# Honors Algebra 2: Extra Practice on Expressions with Negative Exponents and Sums

• Class: Honors Algebra 2
• Author: Peter Atlas
• Algebra and Trigonometry: Structure and Method, Brown

Calculator Inctive.

Simplify.

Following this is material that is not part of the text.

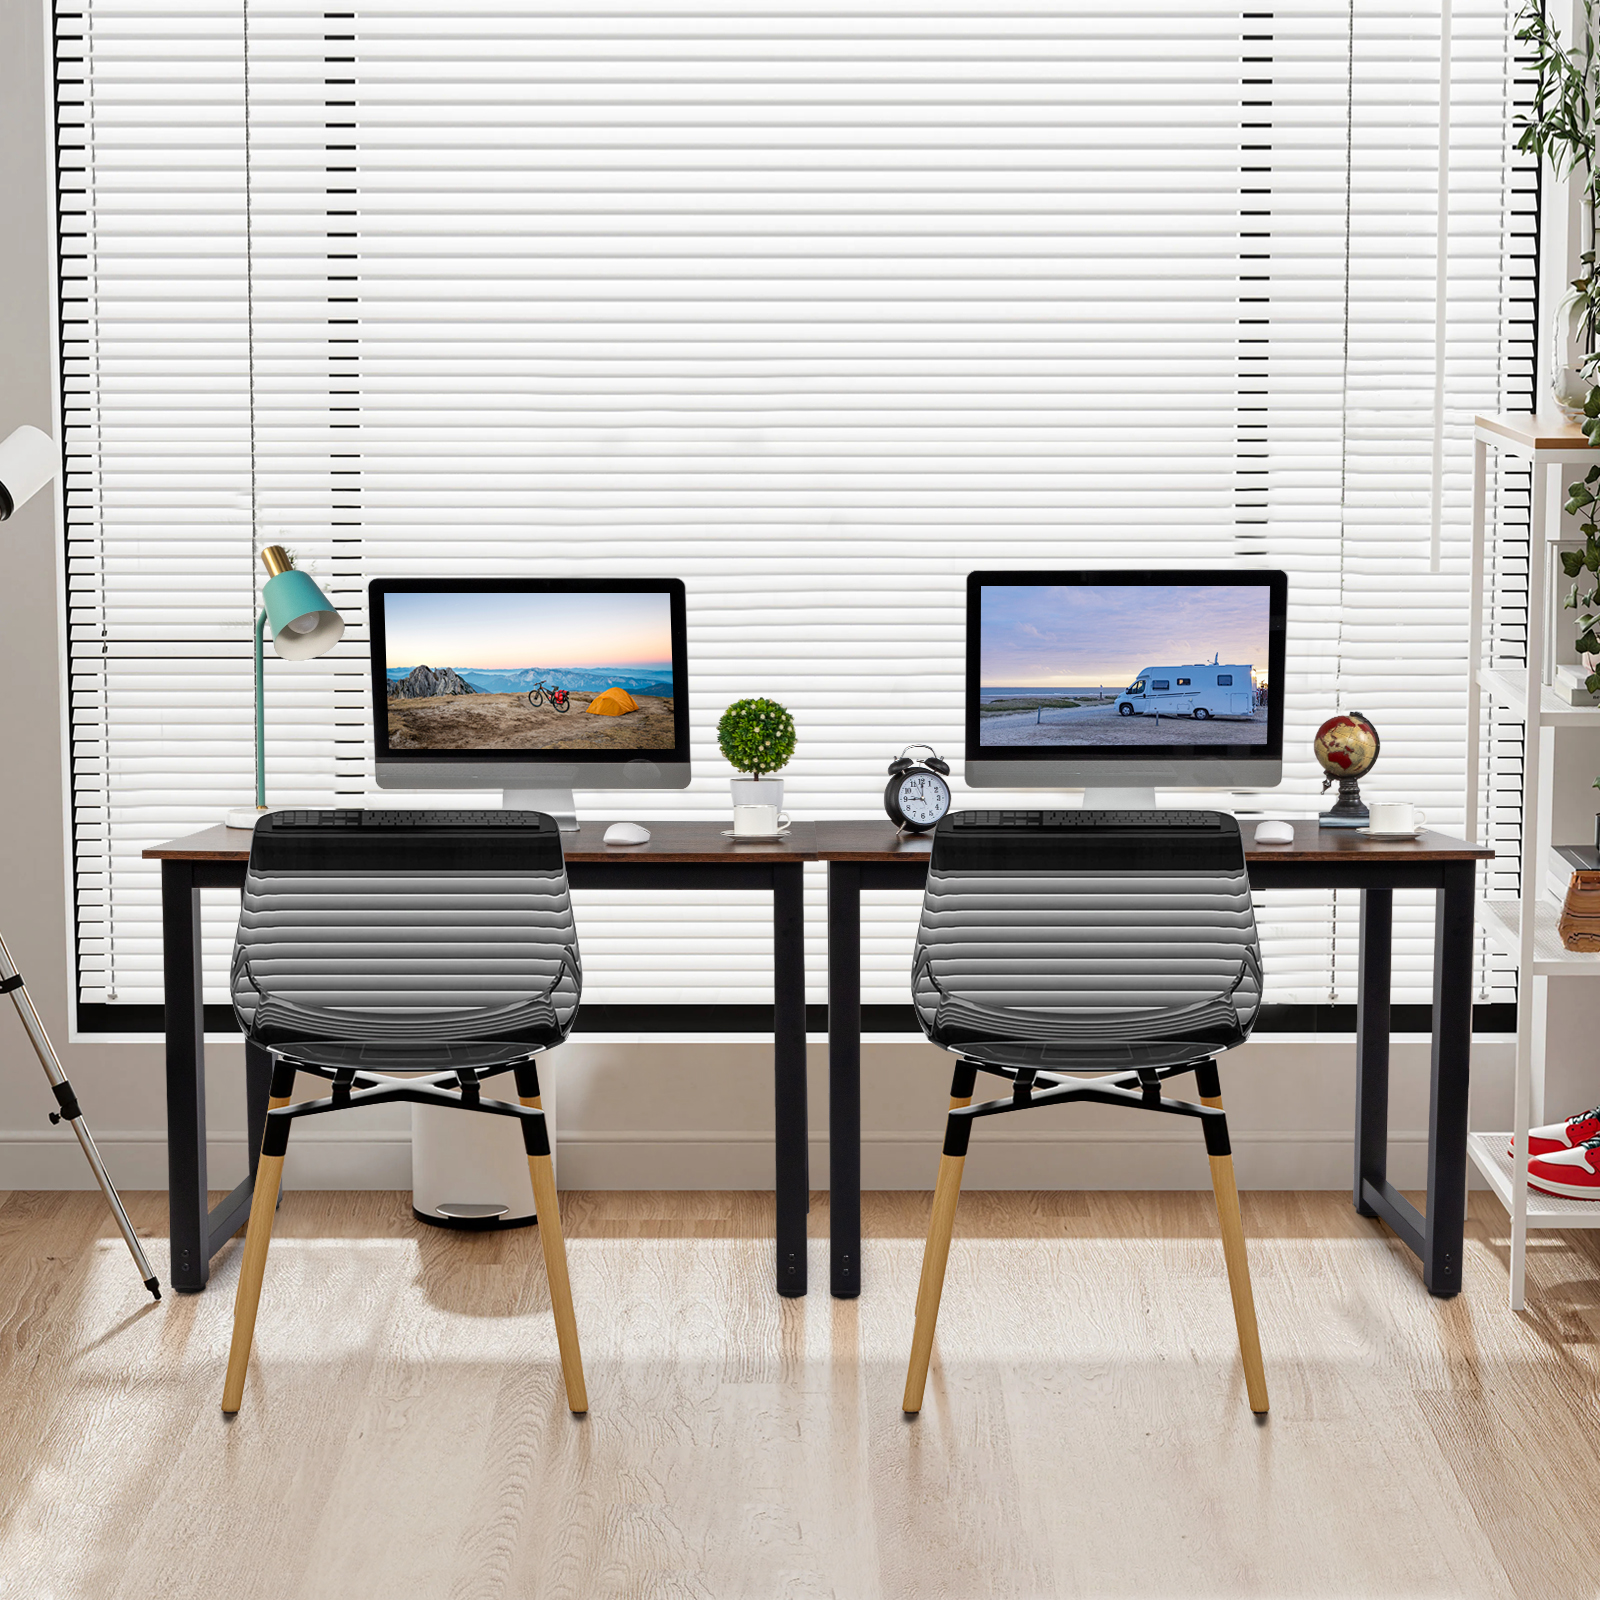 Ktaxon Wood Computer Desk PC Laptop Study Table Workstation Home Office Furniture - image 3 of 13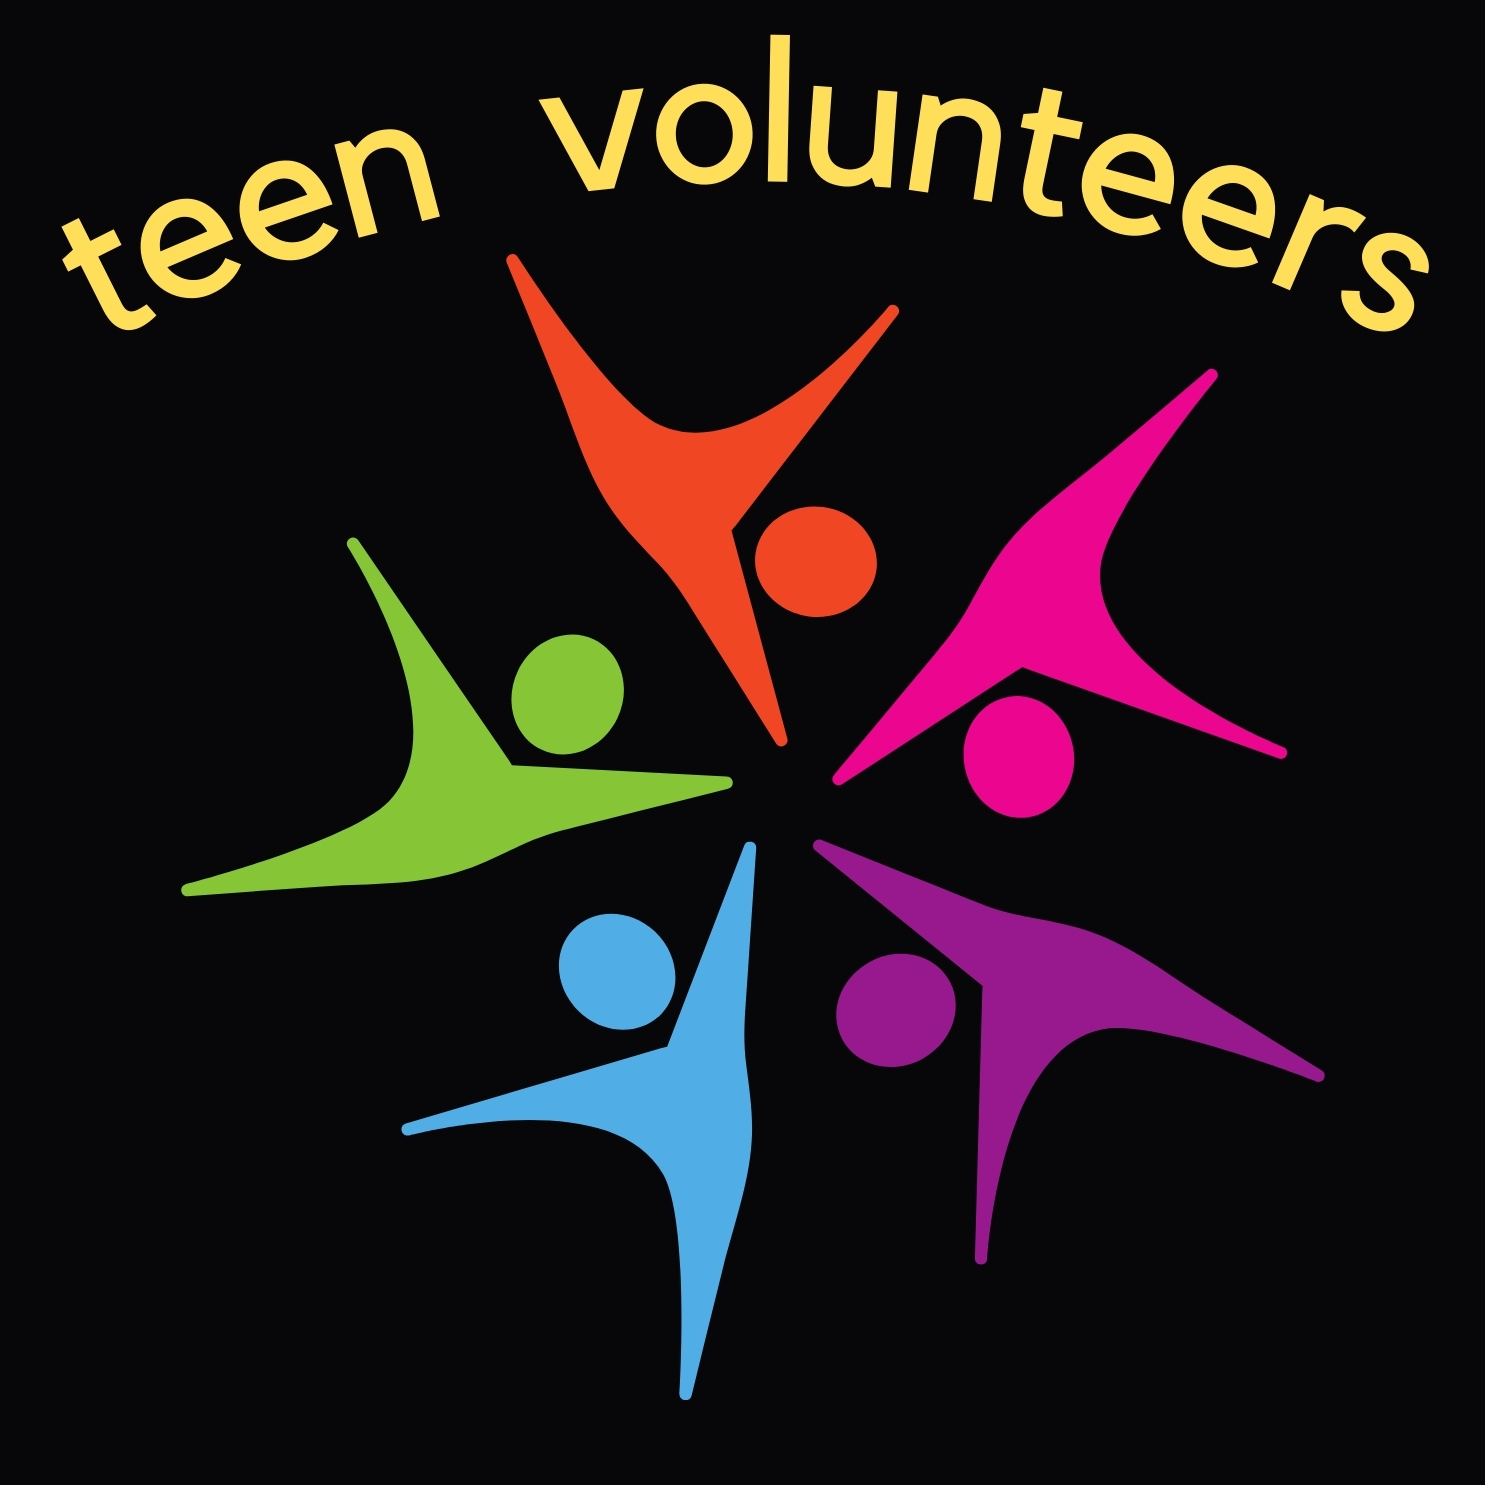 Teen Tuesday Volunteers

Include any necessary domain restrictions

1. $$\displaystyle \frac{a^{-1} + b^{-1}}{a^{-1} - b^{-1}}$$
2. Solution

$$\displaystyle \frac{-a - b}{a - b}$$ for $$a,b \ne 0, a \ne b$$

3. $$\displaystyle \frac{2a^{-1} + 3b^{-1}}{3a^{-1} - 2b^{-1}}$$
4. Solution

$$\displaystyle \frac{-3a - 2b}{2a - 3b}$$ for $$\displaystyle a, b \ne 0, a \ne \frac{3b}{2}$$

5. $$\displaystyle \frac{a^{-1} - b^{-1}}{a^{-2} - b^{-2}}$$
6. Solution

$$\displaystyle \frac{ab}{a + b}$$ for $$a, b \ne 0, a \ne b$$

7. $$\displaystyle \left( a + b \right) ^{-1} \cdot \left( a^{-1} + b^{-1} \right)$$
8. Solution

$$\displaystyle \frac{1}{ab}$$ for $$a \ne - b$$

9. $$\displaystyle \left( 2a^{-1} + 3b^{-1} \right)^{-1}$$
10. Solution

$$\displaystyle \frac{ab}{3a + 2b}$$ for $$a, b \ne 0$$

11. Evaluate: $$\displaystyle \frac{-2^{-1}}{2^{-2} + 2^{-3}}$$
12. Solution

$$\displaystyle -\frac{4}{3}$$

13. $$\displaystyle \frac{1 - y^{-1}}{y - y^{-1}}$$
14. Solution

$$\displaystyle \frac{1}{y + 1}$$ for $$y \ne 1, 0$$

15. $$\displaystyle \frac{x^{-1}}{x - x^{-1}}$$
16. Solution

$$\displaystyle \frac{1}{x^2 - 1}$$ for $$x \ne 0$$

17. $$\displaystyle \frac{4 - x^{-4}}{2 - x^{-2}}$$
18. Solution

$$\displaystyle \frac{2x^2 + 1}{x^2}$$ for $$\displaystyle x \ne \pm \frac{1}{\sqrt{2}}$$